顧清昭心想,什麼給女兒討公道,分明是藉著由頭給裴家謀利。
她與宋初對視了一眼,然後開口說道:“老夫人既然想進宮,晚輩這就吩咐人備車。只是別怪我沒提醒您,這一進宮,你們裴家姑娘們的前程,還有裴三姑娘的側妃之位,可能就都保不住了。”
有些話宋初不能說,只能她開口掰扯。
裴老夫人不解,看向顧清昭,“宋夫人這是什麼意思?老身聽著,倒像是宋家在威脅人。”
顧清昭淡笑了一聲,“也說不上威脅,有些事,家裡原本不想說。大嫂人已經去了,該給她留個體面。就算不看她,也得看嘉寶,嘉寶是宋家的嫡孫,不能有個那樣名聲的娘。”

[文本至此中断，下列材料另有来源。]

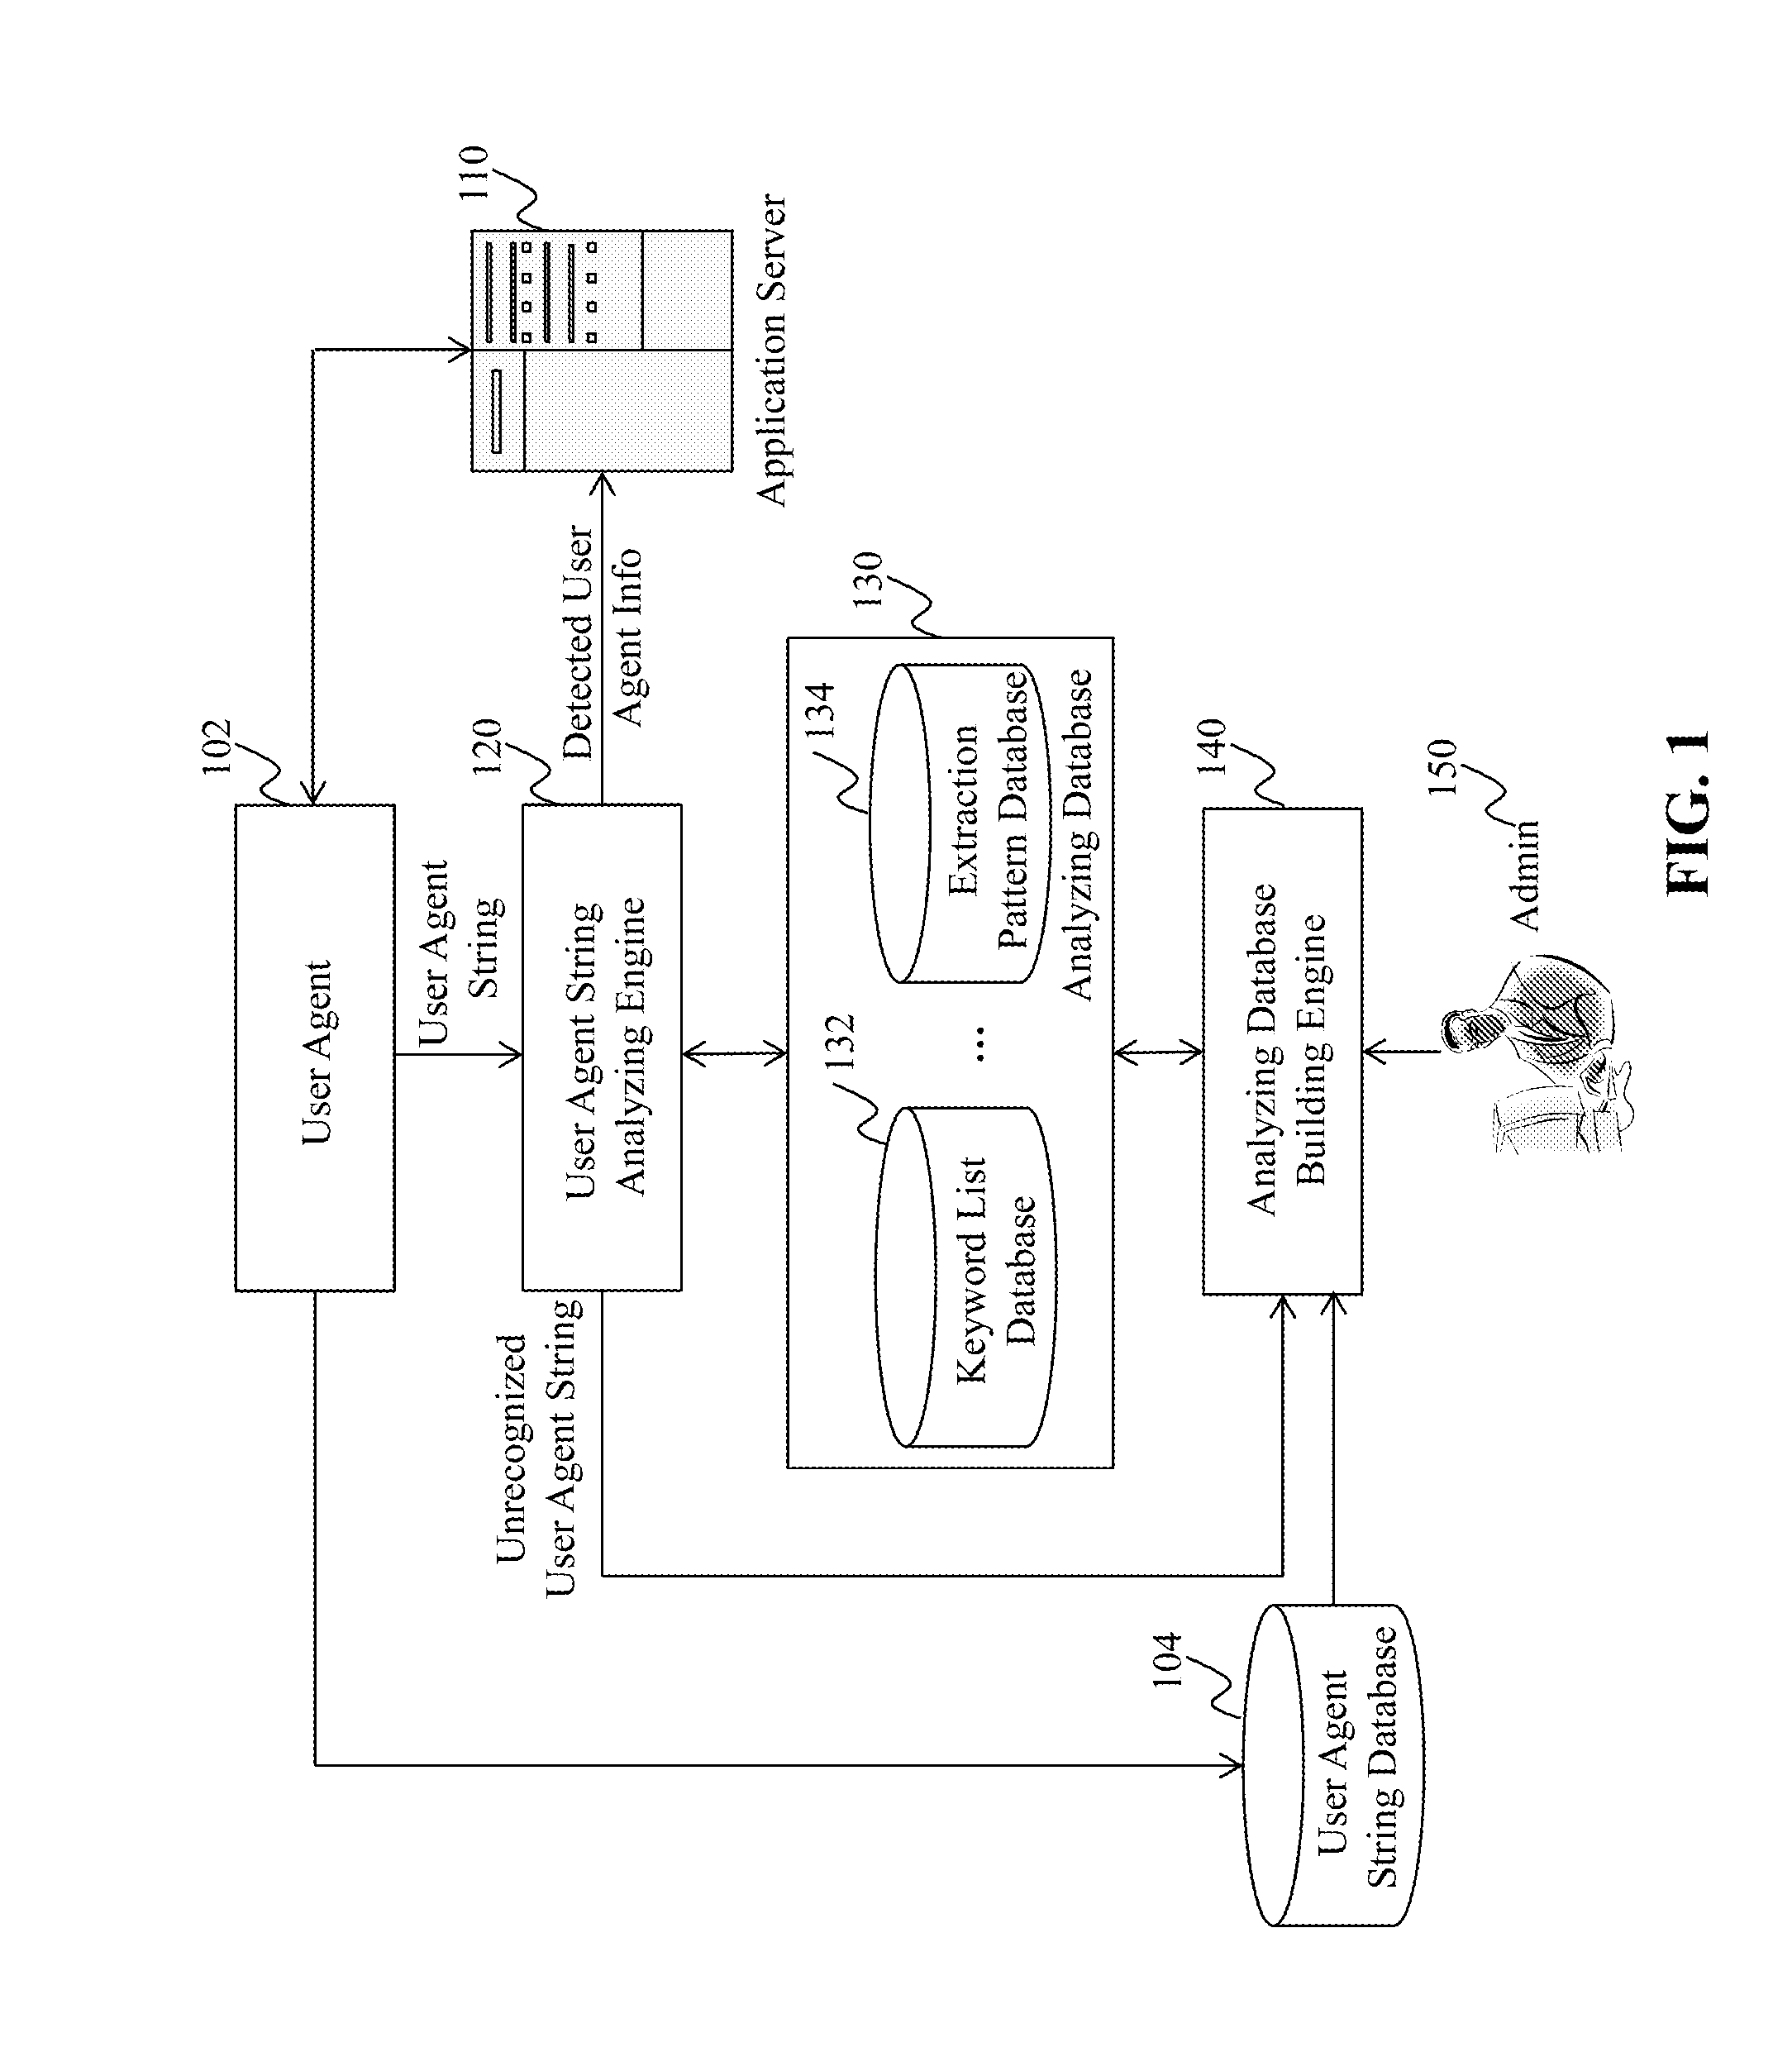 Method and System for Providing a User Agent String Database

“但今日既然說到這了,若不掰扯清楚,恐怕這事難以善了。”
裴老夫人見顧清昭不像信口胡說,心裡忽然沒了底,“你到底想說什麼?”
有什麼事,是她不知道的麼?
她下意識看向兩個兒子和兩個兒媳。幾人也都面面相覷,並不知道顧清昭是什麼意思。
裴家大夫人甚至比裴老夫人更緊張,剛剛婆母那話出口,她都想到女兒坐上正妃之位,再登上後位是何等風光了。轉眼,就被顧清昭一盆冷水潑下來。
顧清昭環顧裴家幾人一眼,說道:“老夫人以為,家裡為何要送大嫂去莊子上?”
“二房死了兩位夫人,三個孩子,都與大嫂有關。只送去莊子上,已經是國舅爺和大哥看在嘉寶的顏面上。”
“大嫂臨去莊子上之前,又給大房的岑姨娘灌下了大寒的藥。現在岑姨娘還在床上躺著,起不來身呢。”
“樁樁件件,都有據可查。老夫人若是不信,大可以把事情鬧大了。”
“我也不介意去皇后娘娘那,替我二房的兩位夫人和三個孩子要個說法。到時候傳出去,你裴家女兒的婚嫁,怕是都要受到影響。”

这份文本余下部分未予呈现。